**What the task requires**
Nothing but an exact repeat of the data, with pictures removed, belongs in the answer.

**Data excerpt**
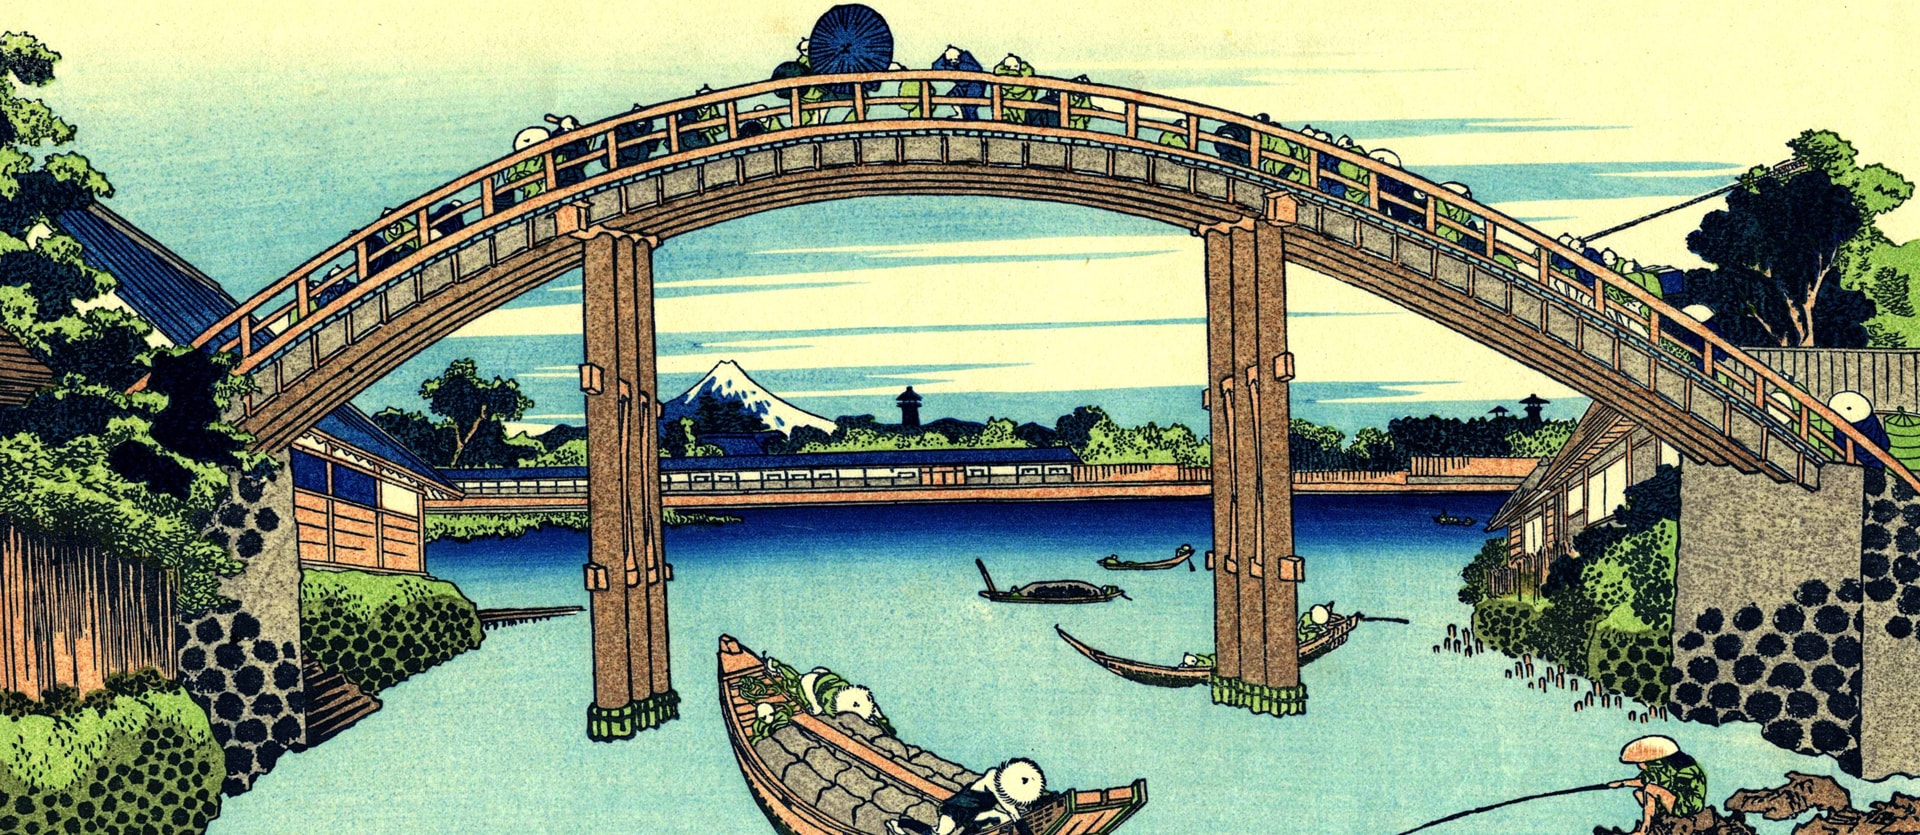 As a Japanese SEO Specialist, I will build a bridge for your business to reach more potential customers in Japan.
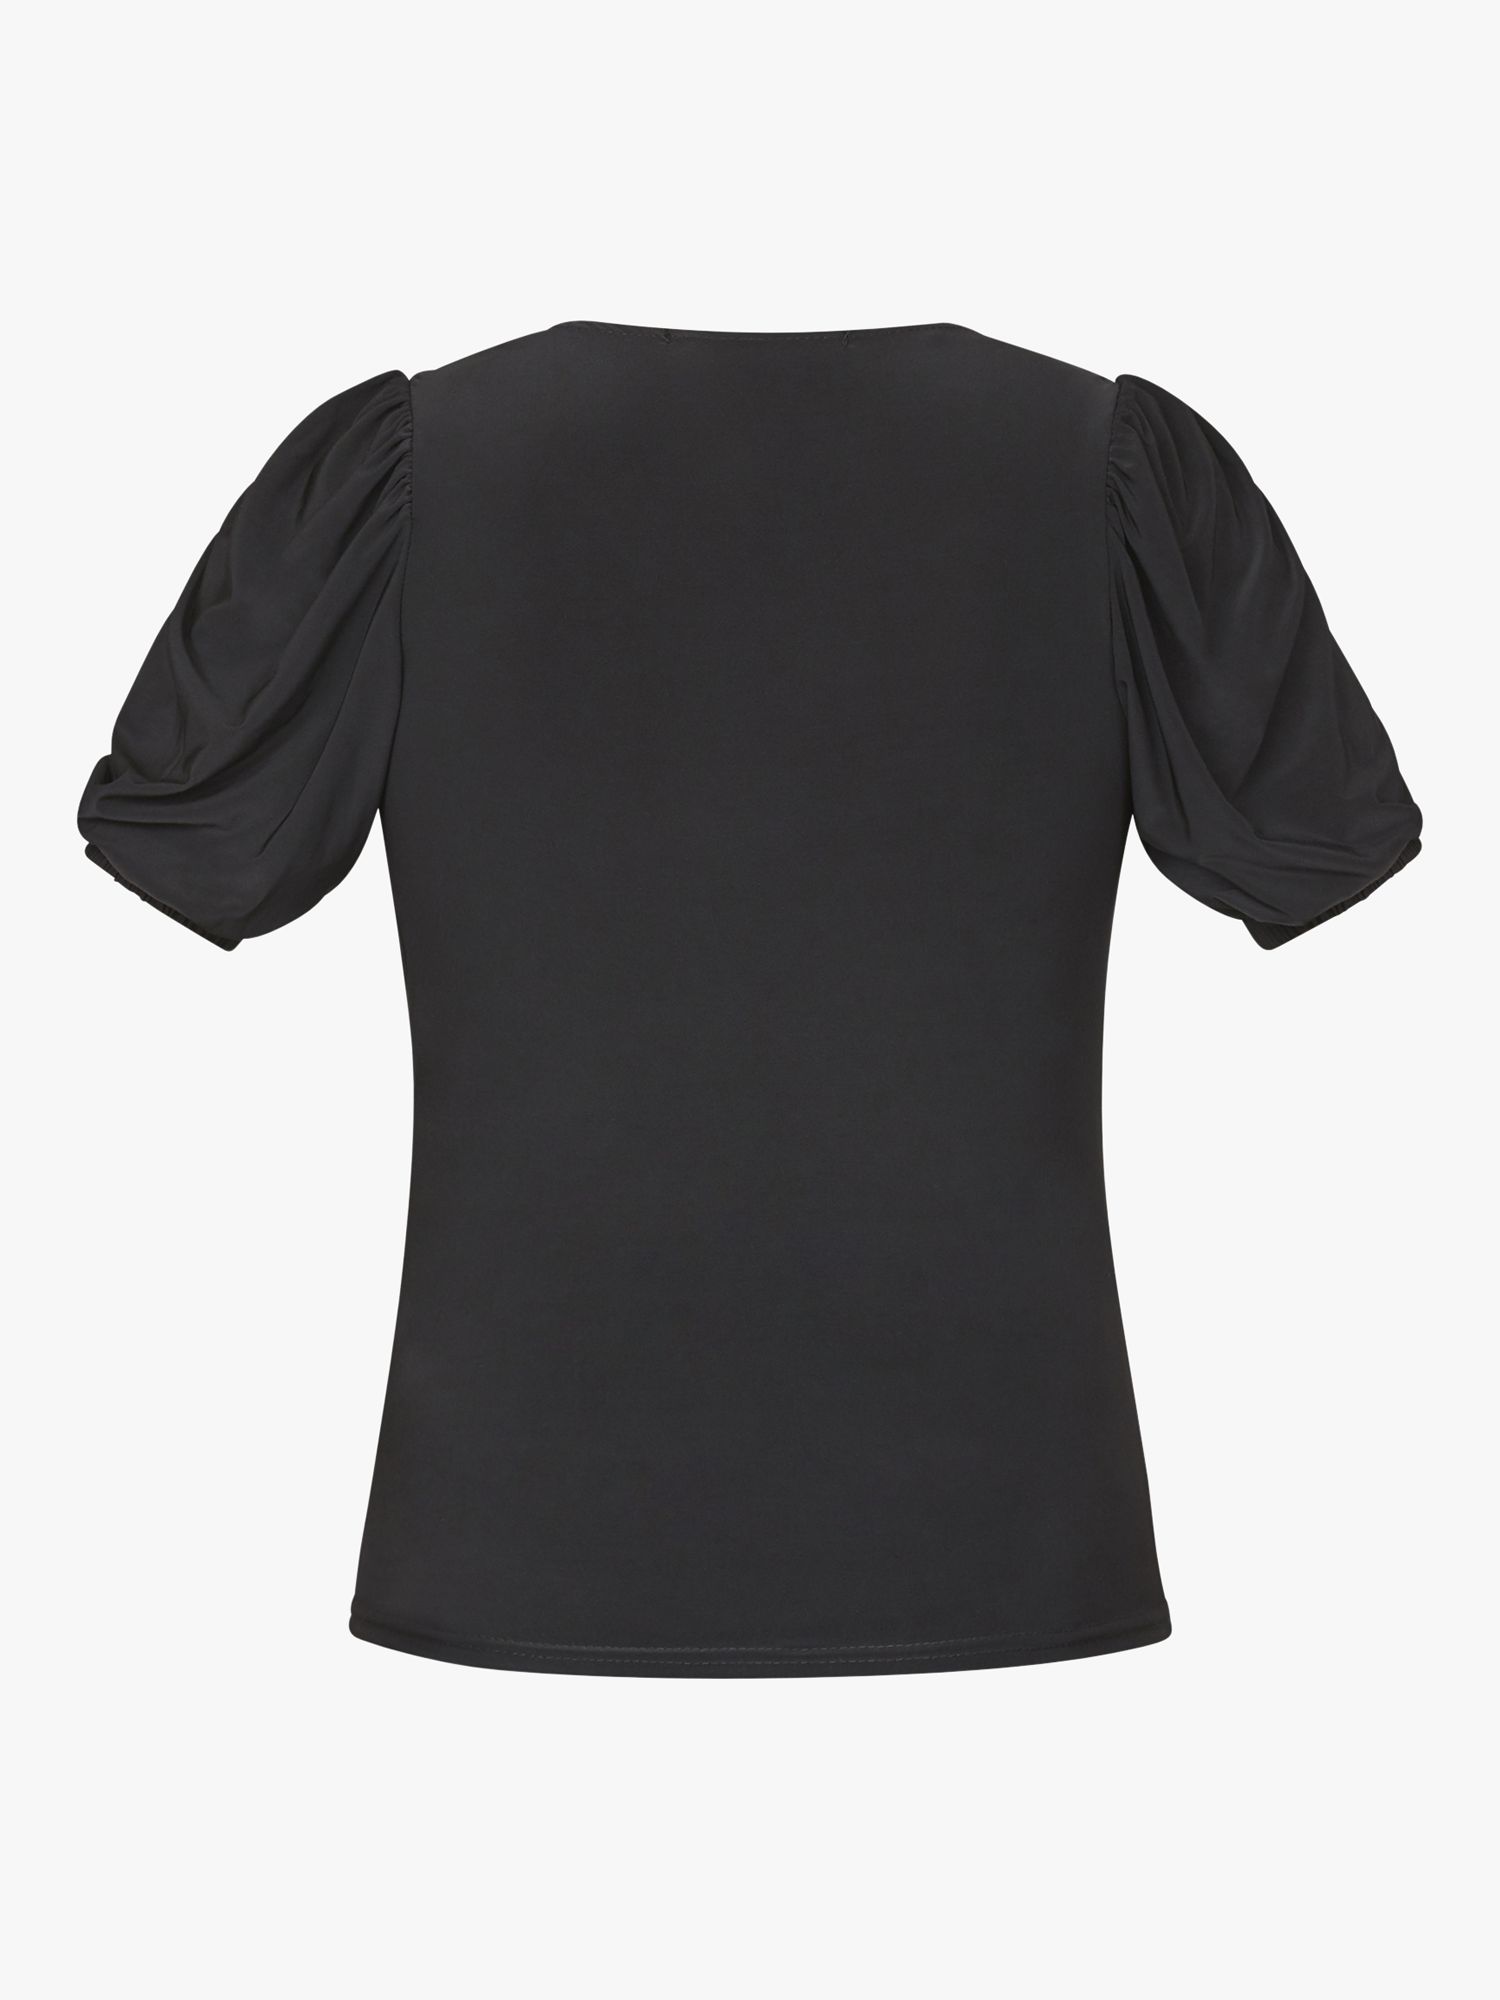 Buy Sisters Point Waterfall Neckline Slim Fitted Top Online at johnlewis.com
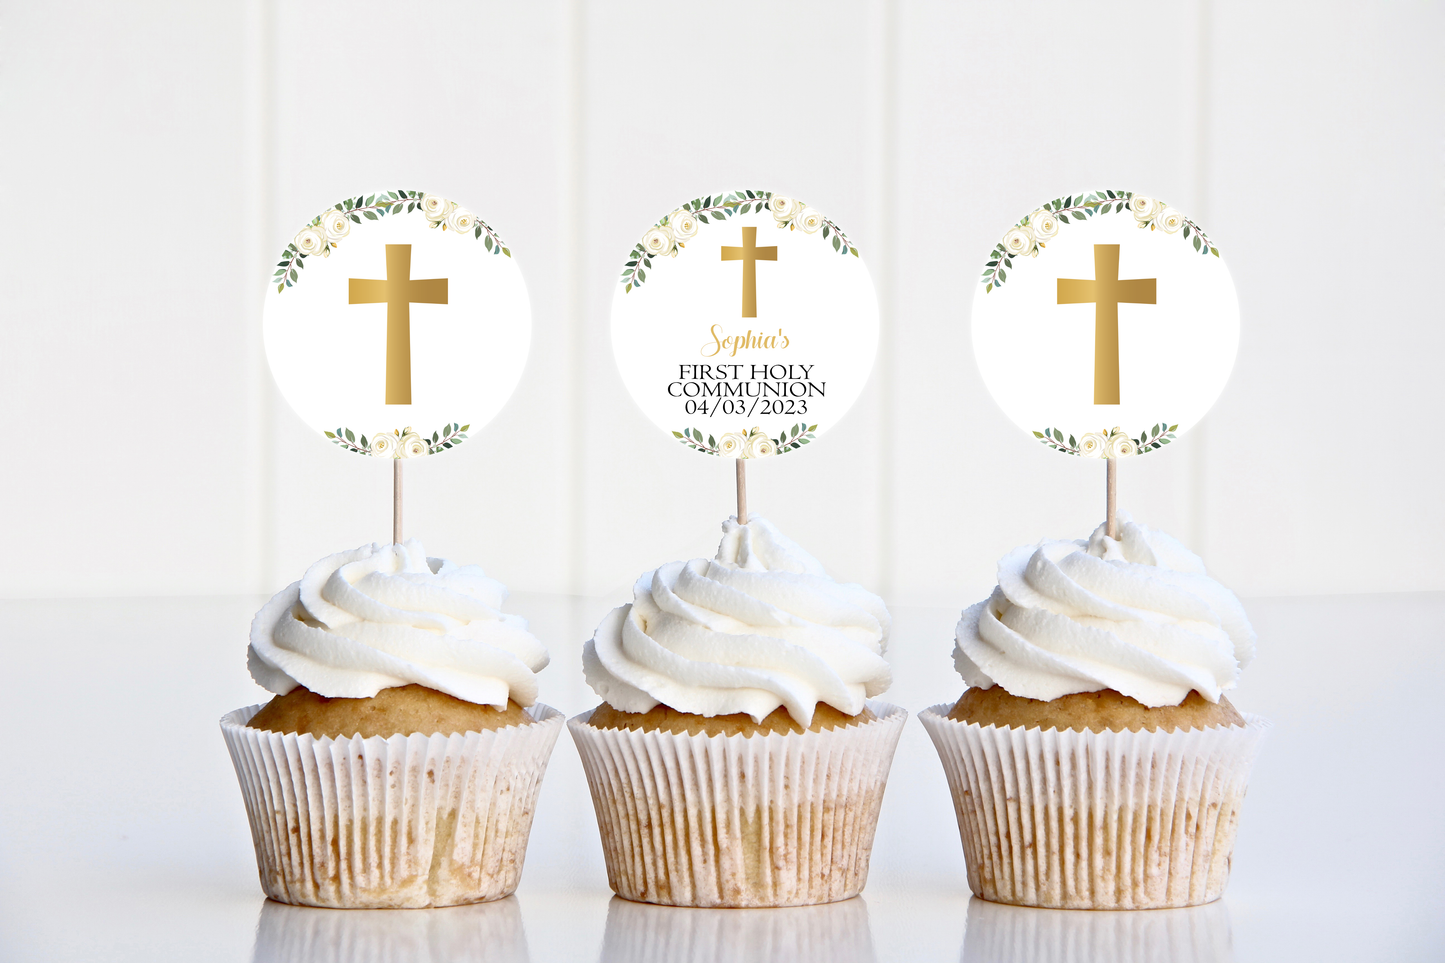 12 x Personalised Cupcake Toppers First Holy Communion
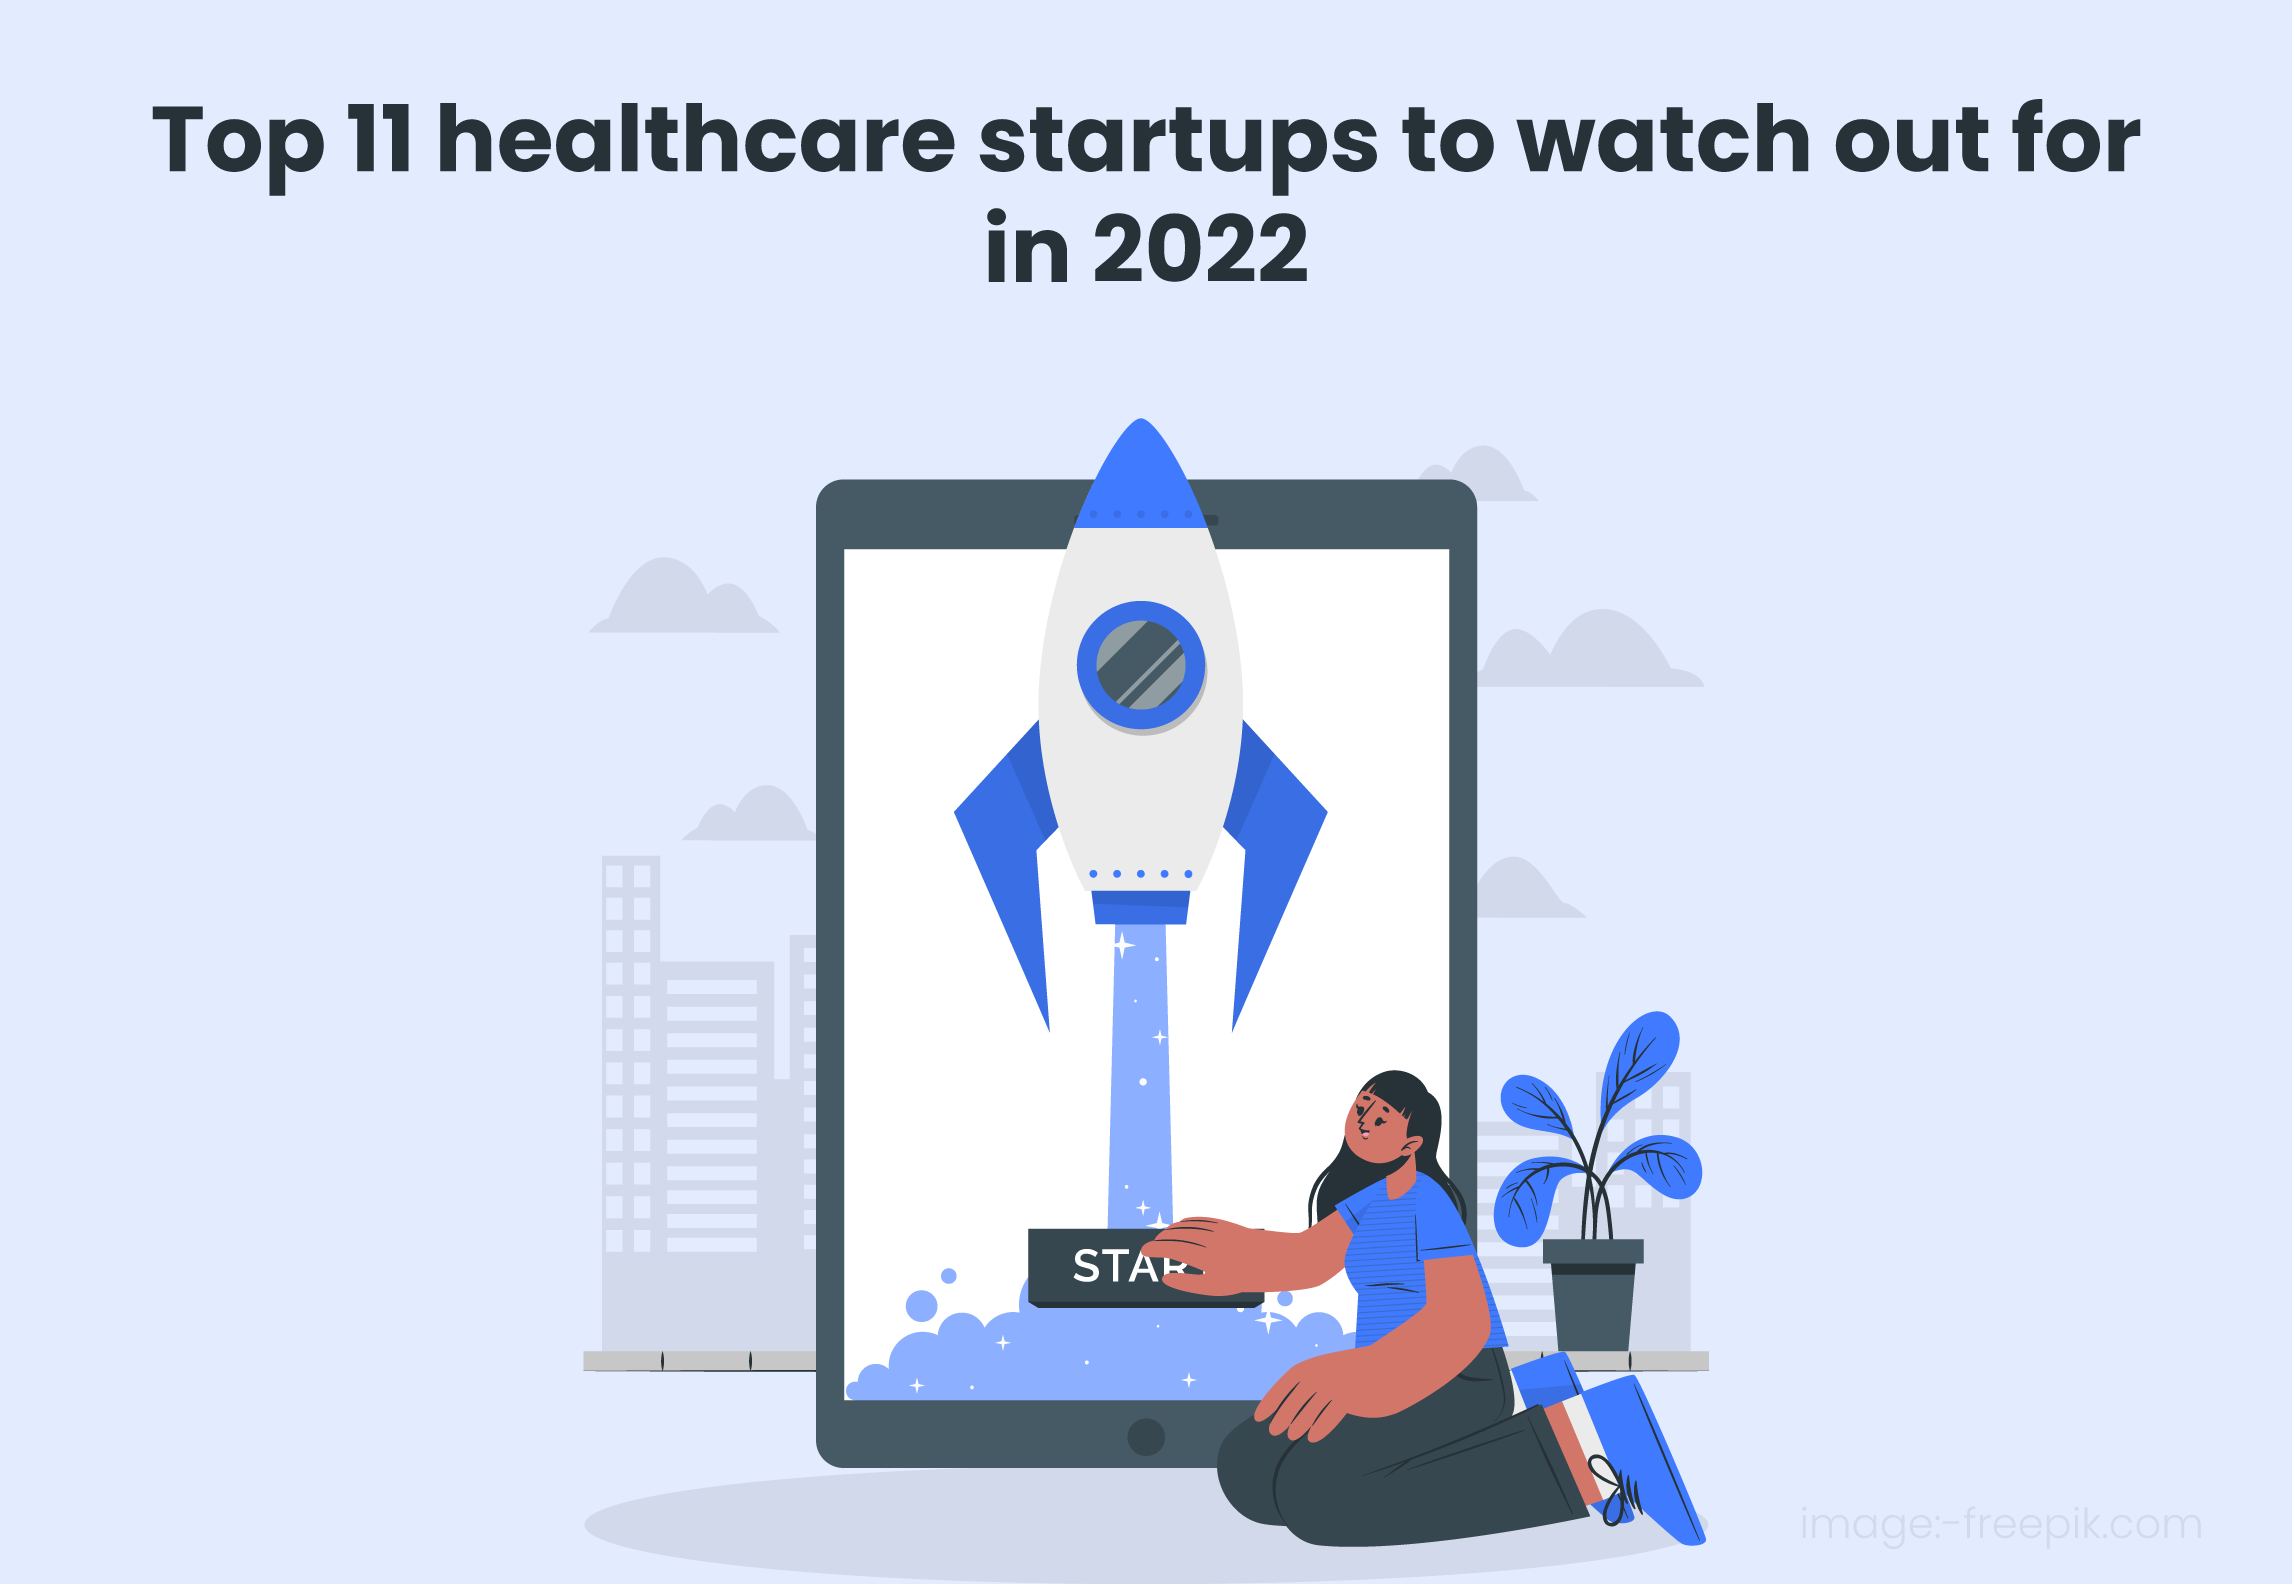 Top 11 healthcare startups to watch out for in 2022

**Finished task**
 As a Japanese SEO Specialist, I will build a bridge for your business to reach more potential customers in Japan.
 Buy Sisters Point Waterfall Neckline Slim Fitted Top Online at johnlewis.com
 12 x Personalised Cupcake Toppers First Holy Communion
 Top 11 healthcare startups to watch out for in 2022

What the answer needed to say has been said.